Sofia wasn’t alone. The American Psychological Association found in its annual stress survey this year that for the first time in 11 years, more Americans (63 percent) reported being stressed about politics and the future of the nation than about money (62 percent). From August 2016 to January 2017, stress levels in the United States jumped from an average of 4.8/10 to 5.1/10 ― across all demographics and political parties. And a majority of adults (59 percent) said this is the lowest point in the nation’s history. (The APA reportedly hasn’t asked that particular question before, so we don’t know how that sentiment compares to earlier years.)
The rise in stress levels is “a statistically significant increase,” said Dr. Vaile Wright, director of research at the APA. “And it wasn’t just young adults ― it was all adults across all generations and across party lines.”
Wright said she’s been hearing from psychiatrists and therapists that patients are coming in “very stressed” about politics. The most commonly reported symptoms, she said, include “sadness, anxiety, fatigue and anger.”

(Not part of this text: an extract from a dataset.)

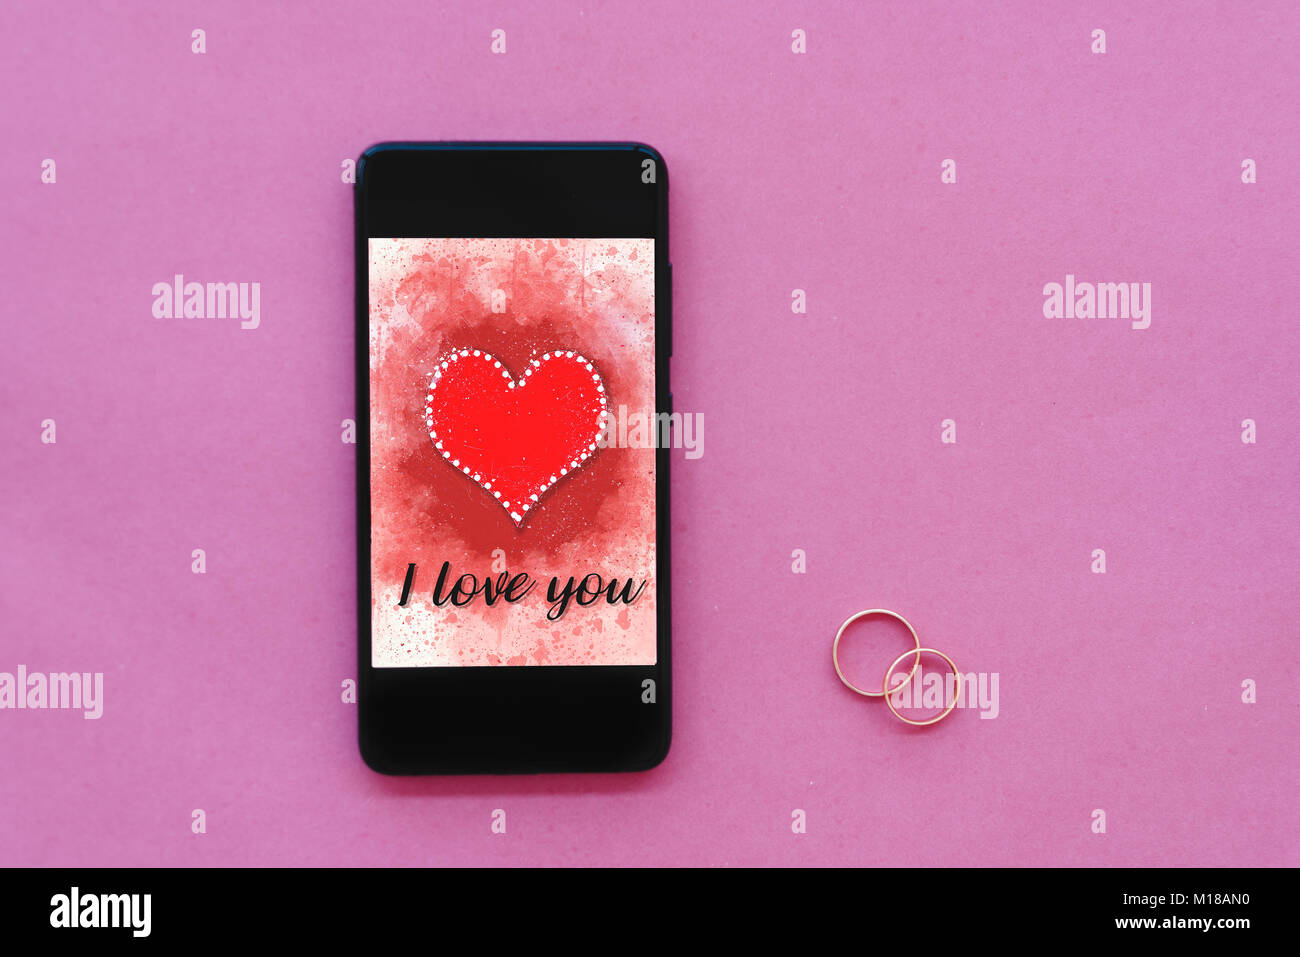 Día de San Valentín venta fondo con corazón ilustración con las palabras I Love You en la pantalla del smartphone boceto sobre fondo de color rosa con dos anillos de boda Foto de stock

“Starting last spring, we were hearing from our members that therapy patients were coming in with increasing anxiety related to the election, in particular,” she said. “Particularly marginalized groups who were being targeted ― undocumented individuals, immigrants, women with sexual assault history, and children.”
What if 30 million women or so filed a class action suit against the president for emotional distress? Just spitballing here.
— 💎 Lena Dunham 💎 (@lenadunham) November 4, 2017
People who work in fields related to science and the environment have also been panicking over Trump’s presidency, as they watch him appoint Cabinet members who deny climate change and devalue science. David Haffner, a 44-year-old contractor for NASA, said that after Trump’s victory, he was depressed, traumatized and worried about his professional future.
“I felt like someone had raided my house,” he said. “It felt like a violation, which is kind of a weird thing to feel about your elected leader.”
Now, one year after the election, Haffner has found ways to cope. He learned to stop staring at his Twitter feed all day and obsessively following the news, because it was affecting his mental health. Still, “I don’t want to lose touch with what’s happening because ‘OK now, I feel better,’” he said. “I think it’s important to kind of take stock now and then, but maybe not every single frickin’ moment of the day.”
Sofia, too, had to distance herself from political news and social media. She channeled some of that energy into making playful greeting cards with positive messages for her friends. By Thanksgiving 2016, she had started her own greeting card company, Jujuu.
“I just started doodling,” she said. “Then I made my first website and started an Etsy shop. It was keeping me busy, and then by my birthday in January I was like, ‘I’m gonna keep after this.’”
Sofia is now weaning off the medication she’d started taking for depression and anxiety, and is beginning to feel hope again. Her gradual recovery seems to mirror the rest of America’s. The APA found in its most recent survey that stress levels in August 2017 had returned to where they were a year prior, after the spike in January.
But Wright warned that many people are not out of the woods. Hate crimes, though less frequent now than at the beginning of the year, are still happening across the country ― especially at K-12 schools ― at higher levels than before Trump became president. And therapists are still reporting long lines for appointments.
The takeaway, Wright said, is that people experiencing election-related mental health issues are not alone. And there is light at the end of the tunnel.
“The message we want to get out to people is that even if we’re feeling that way, to not give up hope,” she said, “and to take active steps to manage the stress we’re feeling in these uncertain times.”